PHP programming forum. Ask questions or help people concerning PHP code. Don't understand a function? Need help implementing a class? Don't understand a class? Here is where to ask. Remember to do your homework!
Last point ... and it's not really here or there, but is ther any reason you are POSTing the id, and not just passing it as an argument on the submit URL?
Really? What 'rules' are these, and whats the logic there?
There doesn't seem to be much benefit with POSTing the value. It's still a user supplied variable, so has no more trust than a GET variable.
I'd be interested to know any other reasons, as I've always done it with GET variables and never thought much of it. Might have to have a re-think if there are other reasons.
It's not a matter of trust. It's simply a matter of choosing to have state altering decisions posted so the browser alerts the user if they attempt to do it again accidentally.
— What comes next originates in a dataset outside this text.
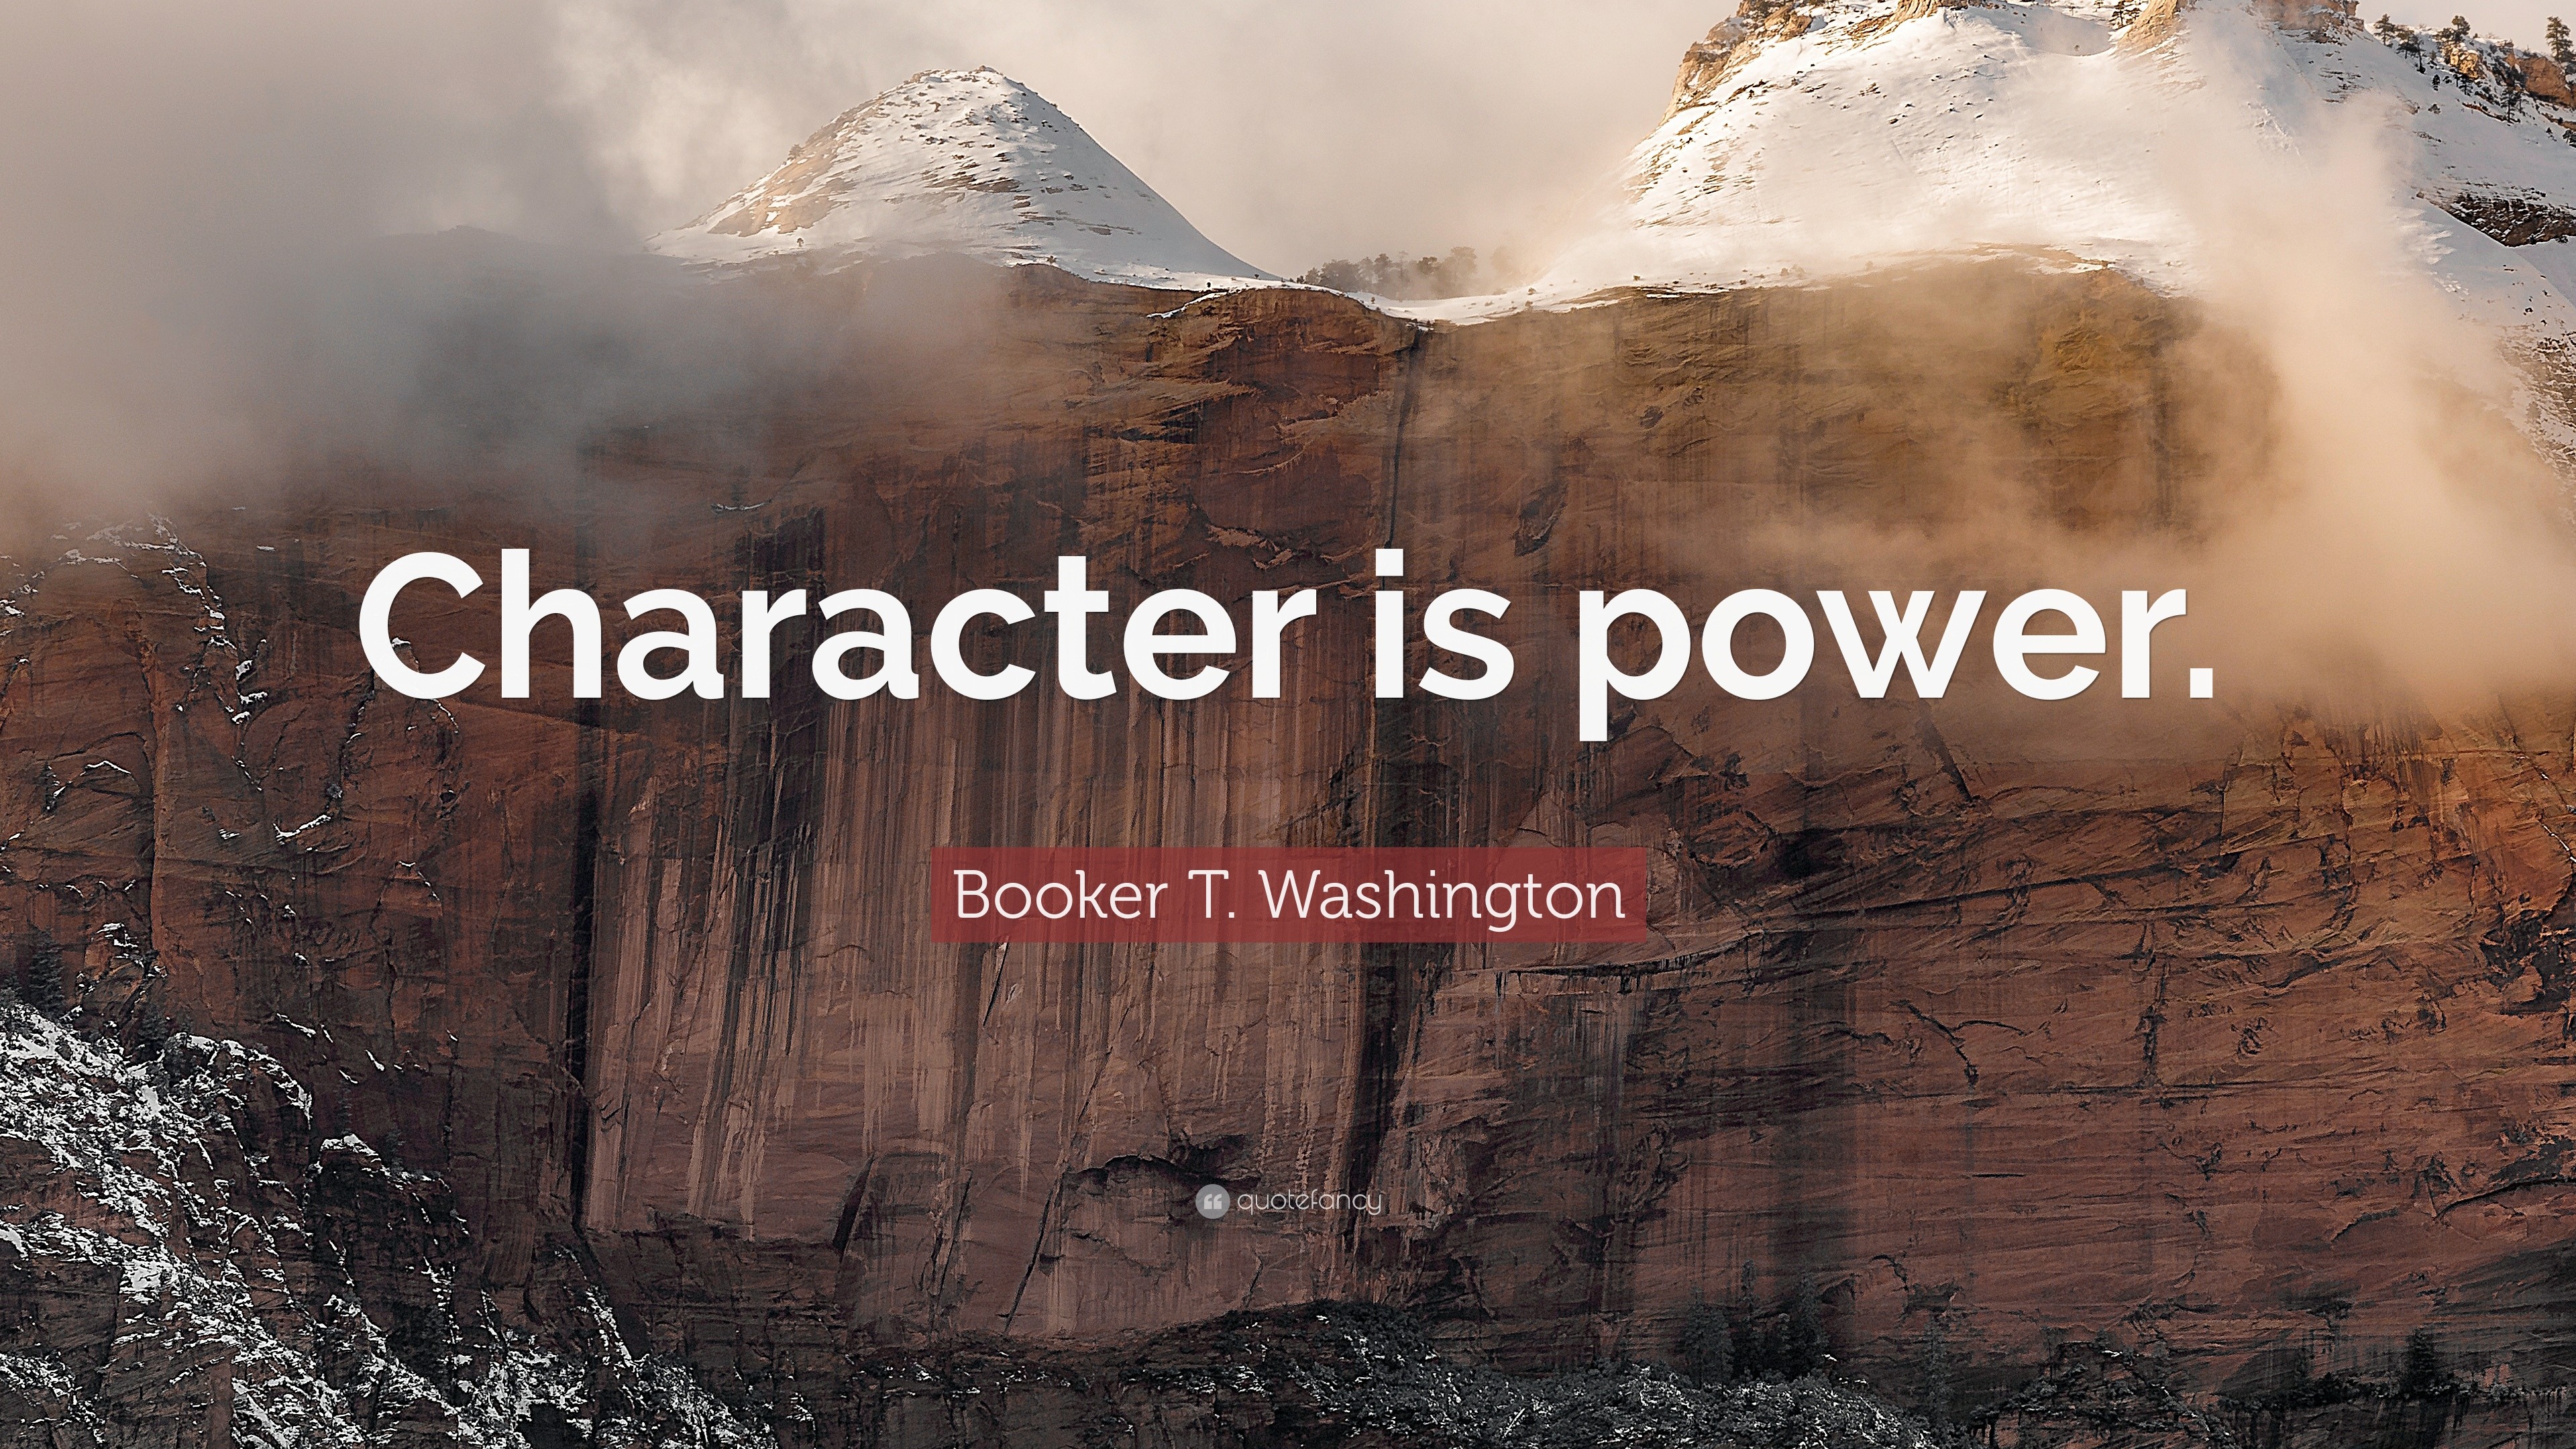 Washington Quote "Character is Power" Poster Motivational Print 12x18 Details about   Booker T

Sorry, last post on this ... not meaning to derail this thread.
I generally post back to the same page and do the processing in the code block at the top. On success, I generally make a header() call to go back to either an earlier page or the same page without the URL arguments.
From there, hitting back will skip the argumented URL entirely, and refresh will simply refresh the current view. By doing this, don't I bypass this issue anyhow?
Just out of interest, I also do a header redirect after form submits so that form submissions cant be backed into at all. I normally also couple that with form tokens to prevent form re-use if the user does happen to back over the submission and into the form itself.
It's a good point though, and definitely worth some thought.